|Do We Suffer From Groupthink?
By: Dwayne W. Waite Jr.
Sometimes it is hard to find the real problem in a certain situation when everyone in your group is thinking the same way. If we are all approaching a problem and are coming up with the same solutions, we are not getting anywhere close to solving it any time soon. So is that the problem with the advertising industry? Have we cut ourselves off from outside influence that much that we cannot see ourselves running in circles?
It is hard to criticize the industry we know and love. But in order for the advertising industry in the U.S. to continue to flourish, we must take a hard look at ourselves to see what we're doing. As Albert Einstein put it, "We can't solve problems by using the same kind of thinking we used when we created them."
Groupthink is defined as a pattern of thinking characterized by conforming to a certain group. In the advertising industry, though there are several thousand professionals, agencies, and information outlets in the nation, the degree of separation between people is relatively low. And with our industry's tendency to throw awards banquets or advertising conferences, we tend to rub elbows with a lot of the same people. Social media and other online tools have helped to shrink the industry as well.
Is that a bad thing? Not necessarily. It is fun to have so many professionals who love what they do and enjoy mingling and agreeing on the many same principle activities. No sane AdPerson would turn down an invite for a party with other AdPeople (besides, there aren't that many sane people in advertising, anyway).
But what happens when we stay within our own group? When we create a clique? Jargon is created, and then we start making up words and phrases that takes forever to explain to outsiders. We communicators lose the value of clear language. George Orwell once said:
The great enemy of clear language is insincerity. When there is a gap between one's real and one's declared aims, one turns as it were instinctively to long words and exhausted idioms, like a cuttlefish spurting out ink.
Does "exhausted idioms" ring a bell? Aren't we all tired of the "content is king," "it's all about engagement," "unmarketing," "advertising 2.0," and all that garbage?
Let's get back to advertising. Let's get out of our world and pull in others.
Creativity cannot prosper in an environment where thinking different or having a dissenting opinion is looked down upon. In forming a good idea, there are bound to be a plethora of options that may not work...and that's okay.

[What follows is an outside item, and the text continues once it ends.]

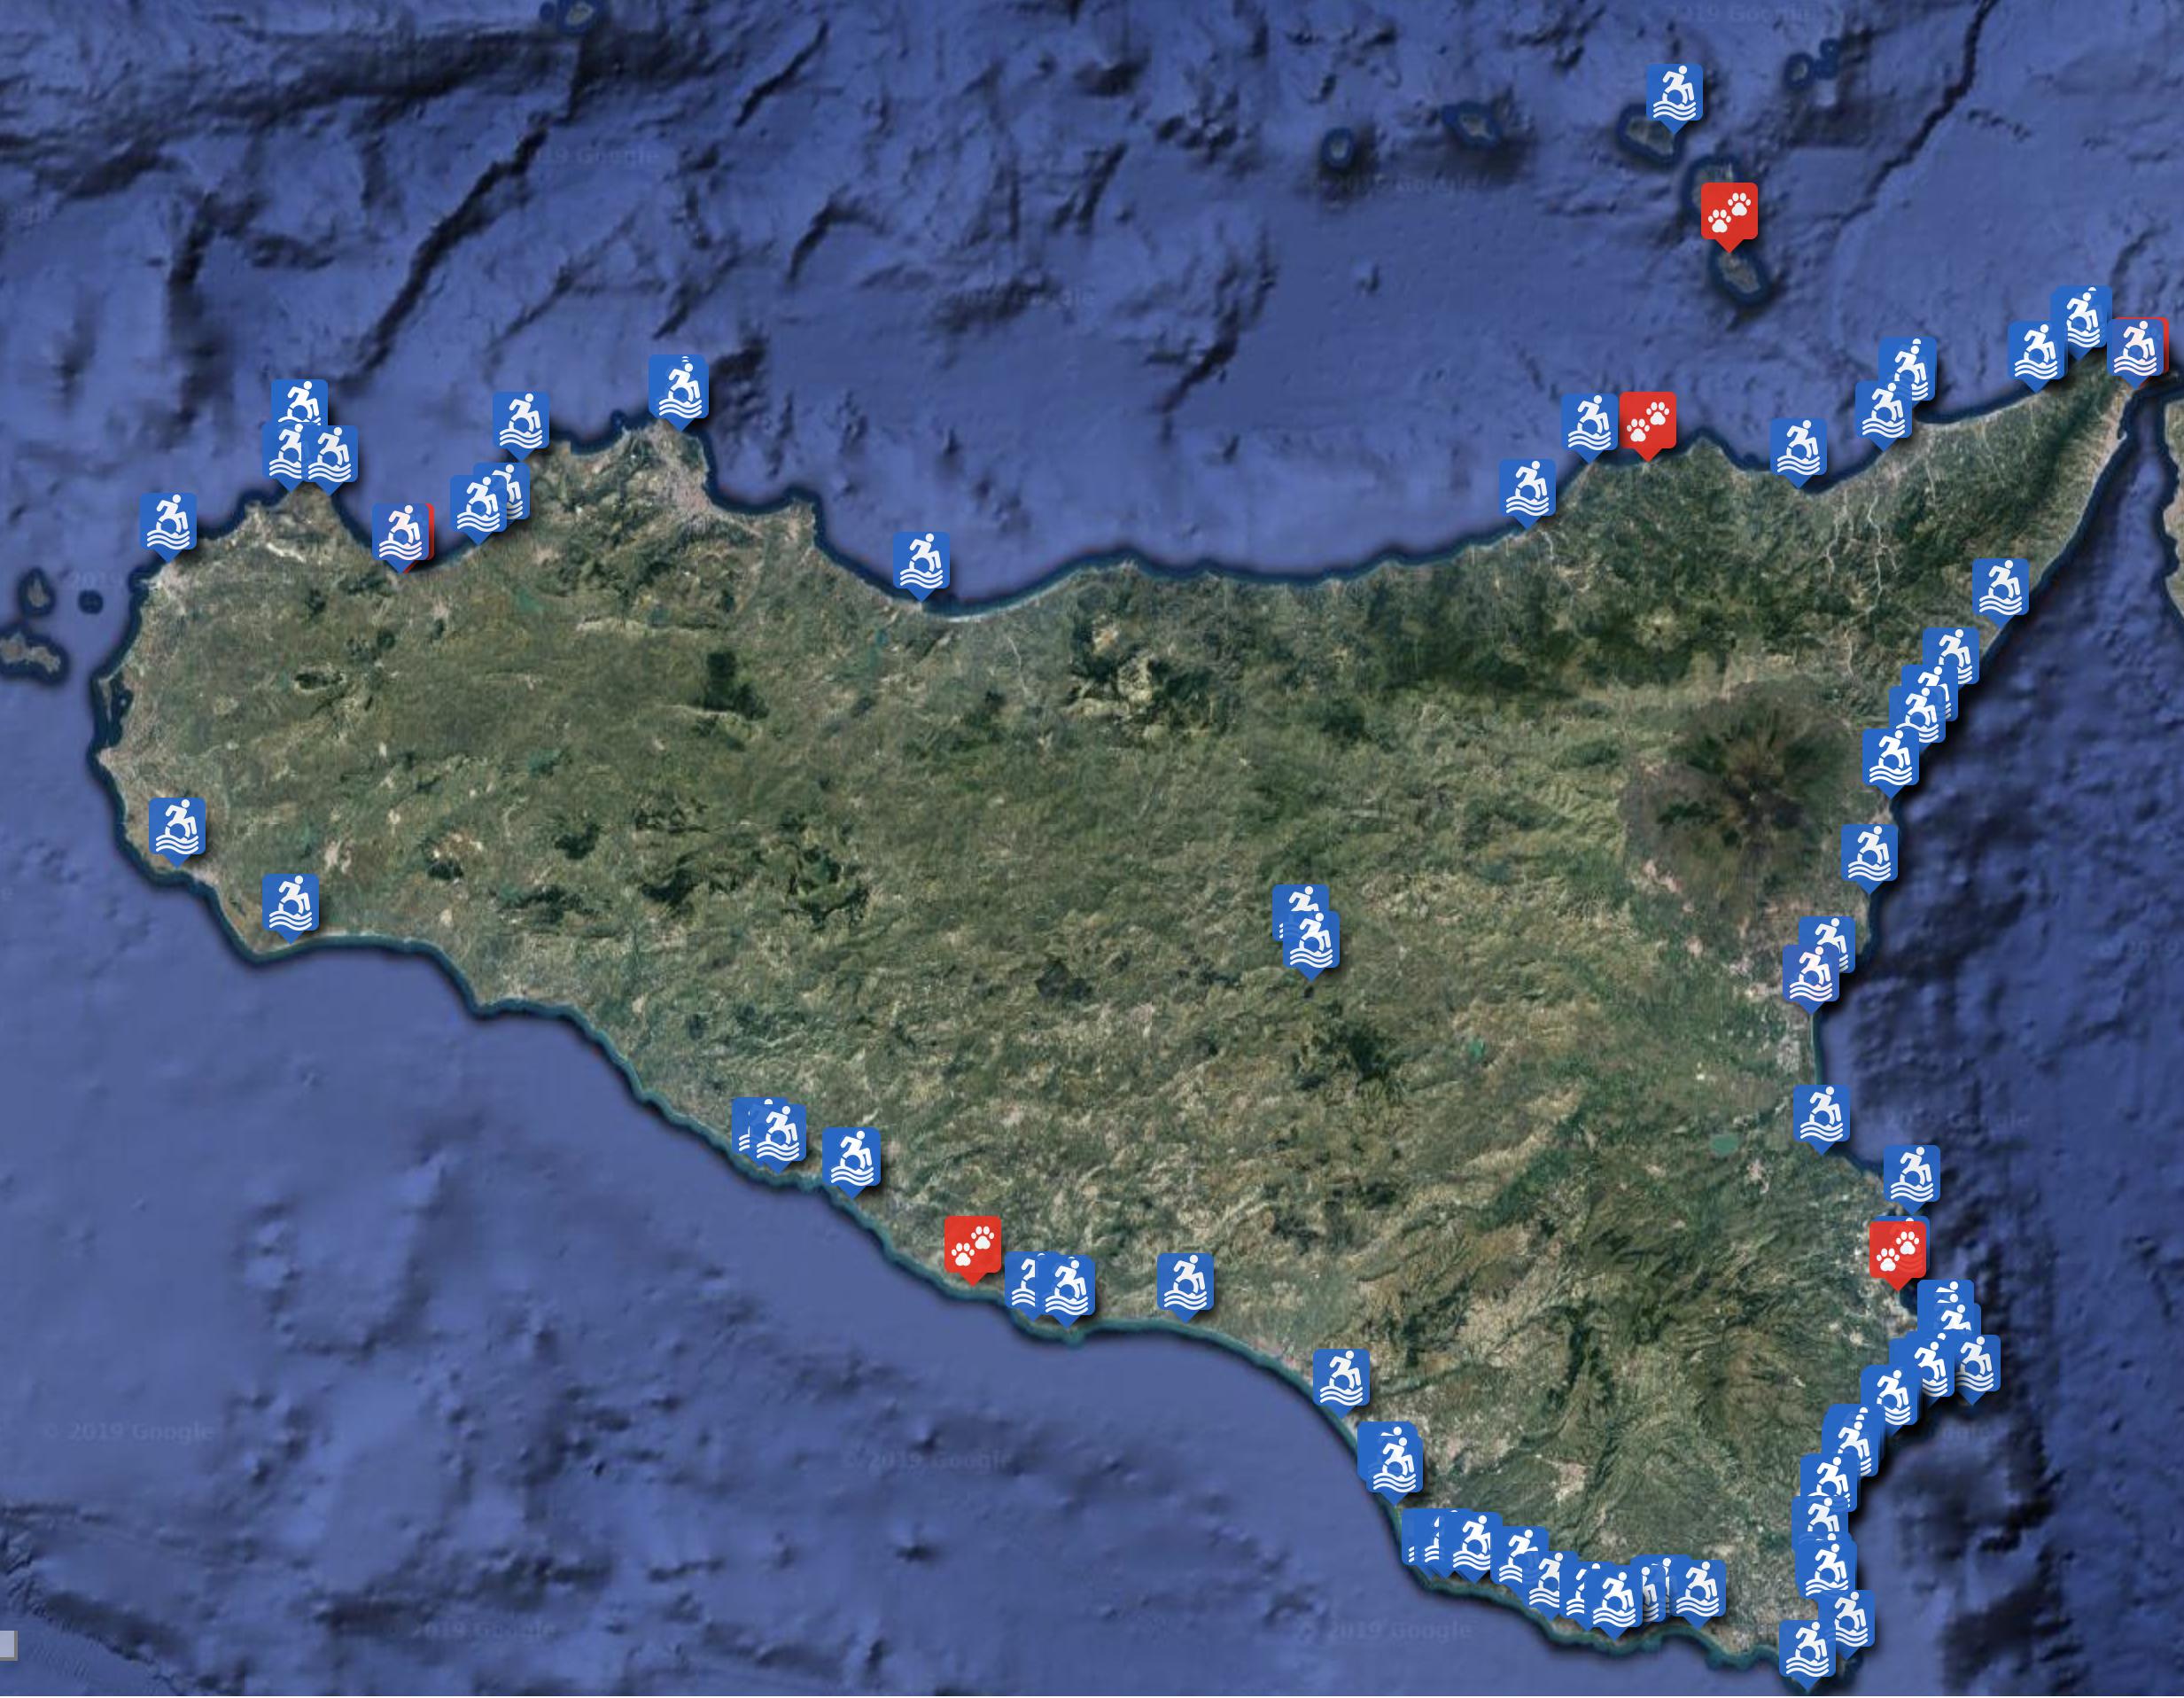 Cartina Noto Sicilia.East Sicily Consulta La Mappa Con Le Spiagge E I Lidi Delle Strutture Balneari Accessibili In Sicilia East Sicily

In one of our earlier posts about David Ogilvy, he acknowledged that he had more bad ideas than good ones, but it was the good ones that were remembered. We are dwelling in a time where the risk-taking, research-oriented advertising campaign is taking a backseat to techies who are attempting to guarantee eyeballs based on algorithms. Yes, your ad or brand will be seen, but there is no creativity behind it. It's bland, and it's based on online behavior rather than life (which research proves can be different).
We need to start taking intentional risks and implementing creativity to our work in different ways. The ad world as a whole isn't at fault, but definitely the majority.
Perhaps we need to do a better job of talking to brands and corporate marketers about why they want to work with us in the first place. We are the creative mediators between the organization and the consumer they are trying to reach. Sending the same message, the same way, just because it works, gets boring. Then trying to justify new methodologies by creating new words and phrases is a pointless attempt to sound intelligent.
How can we show the ad world and brands that they need to let the AdPeople off the chain? Must we do something...drastic?
Ah, well. At least it's something to think about, right? But form your own idea, don't just listen to the crowd.
"He who joyfully marches to music in rank and file has already earned my contempt. He has been given a large brain by mistake, since for him the spinal cord would suffice."